- Church: Catholic Church
- Diocese: Diocese of Gaeta
- In office: 1537–1540
- Predecessor: Esteban Gabriel Merino
- Successor: Antonio Lunello
- Previous post: Bishop of Castellammare di Stabia (1502–1537)

Personal details
- Died: 3 May 1540 Gaeta, Italy

= Pedro Flores (bishop) =

Roman Catholic prelate and bishop

Pedro Flores (? – 3 May 1540) was a Roman Catholic prelate who served as Bishop of Gaeta (1537–1540) and Bishop of Castellammare di Stabia (1502–1537).

==Biography==
On 26 November 1502, Pedro Flores was selected as Bishop of Castellammare di Stabia and confirmed by Pope Julius II on 29 November 1503.

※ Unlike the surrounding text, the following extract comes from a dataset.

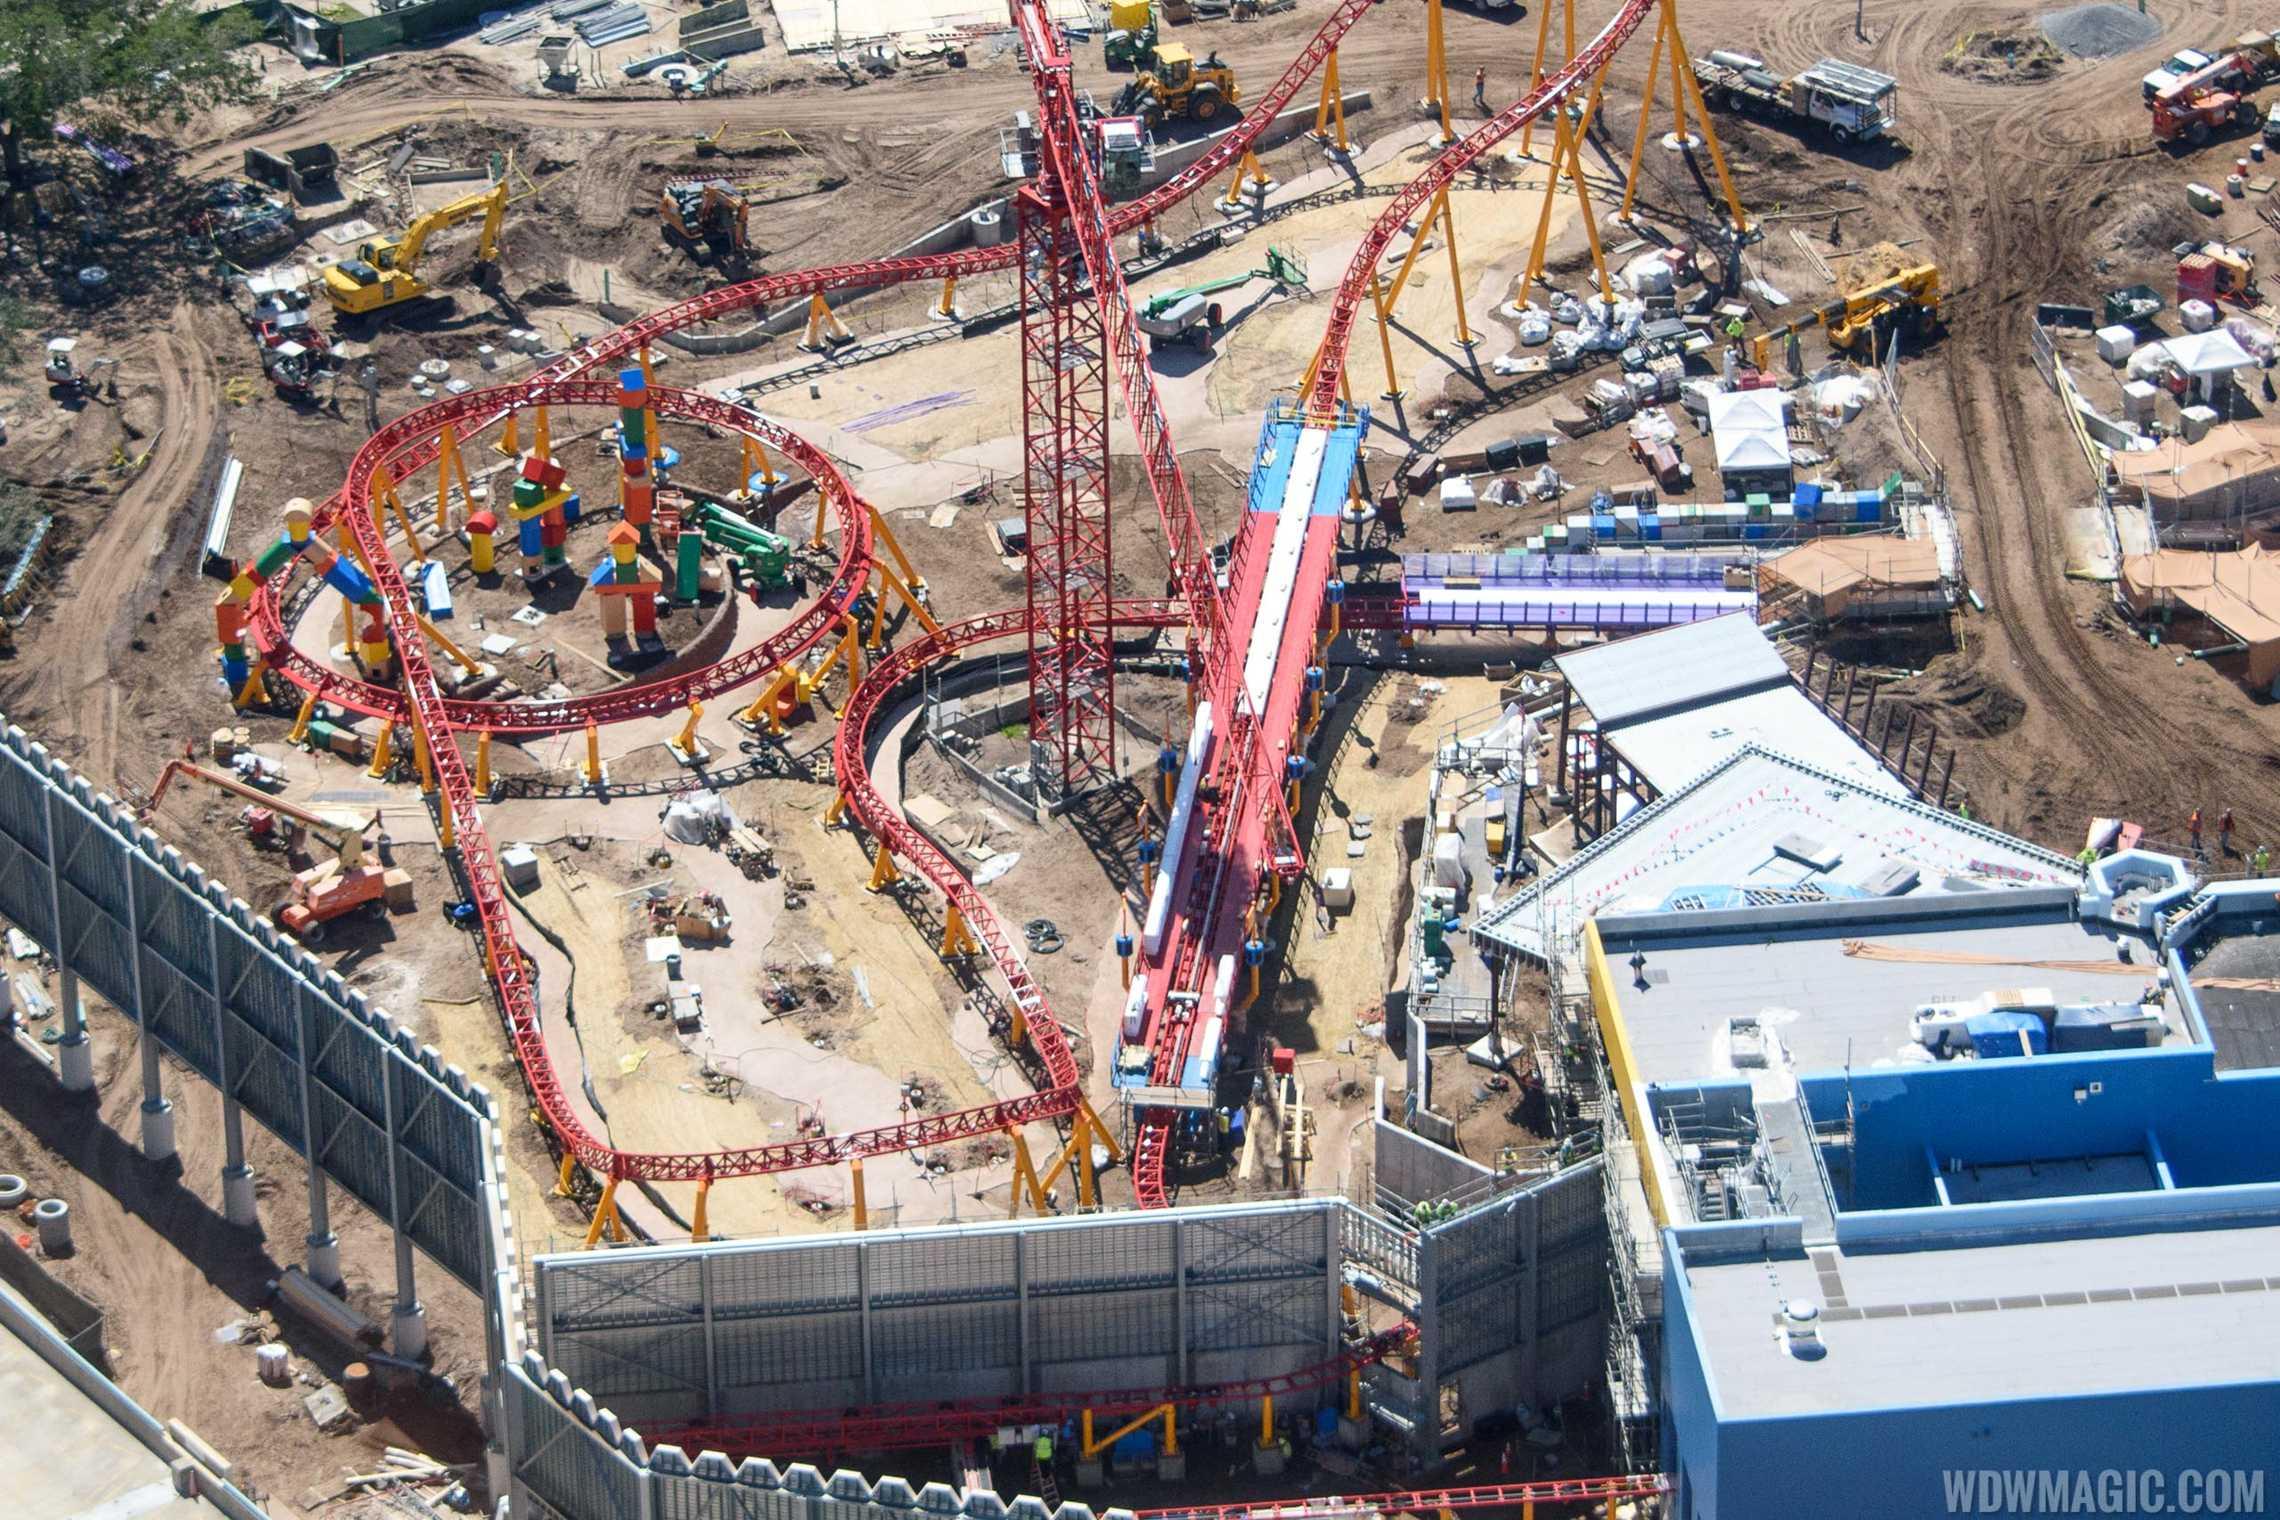 Toy Story Land - Slinky Dog Coaster under construction

On 31 January 1537, he was transferred by Pope Paul III to the diocese of Gaeta.

He served as Bishop of Gaeta until his death on 3 May 1540.

==Episcopal succession==
While bishop, he was the principal co-consecrator of:
- Paolo Giovio (il Vecchio), Bishop of Nocera de' Pagani (1533);
- Marcantonio della Croce, Bishop of Tivoli (1533);
- Bernardo Antonio de' Medici, Bishop of Forlì (1533);
- Braccio Martelli, Bishop of Fiesole (1533);
- Bartolomeo Ferratini, Bishop of Sora (1533); and
- Sebastiano de Bonfilii, Bishop of Telese o Cerreto Sannita (1533).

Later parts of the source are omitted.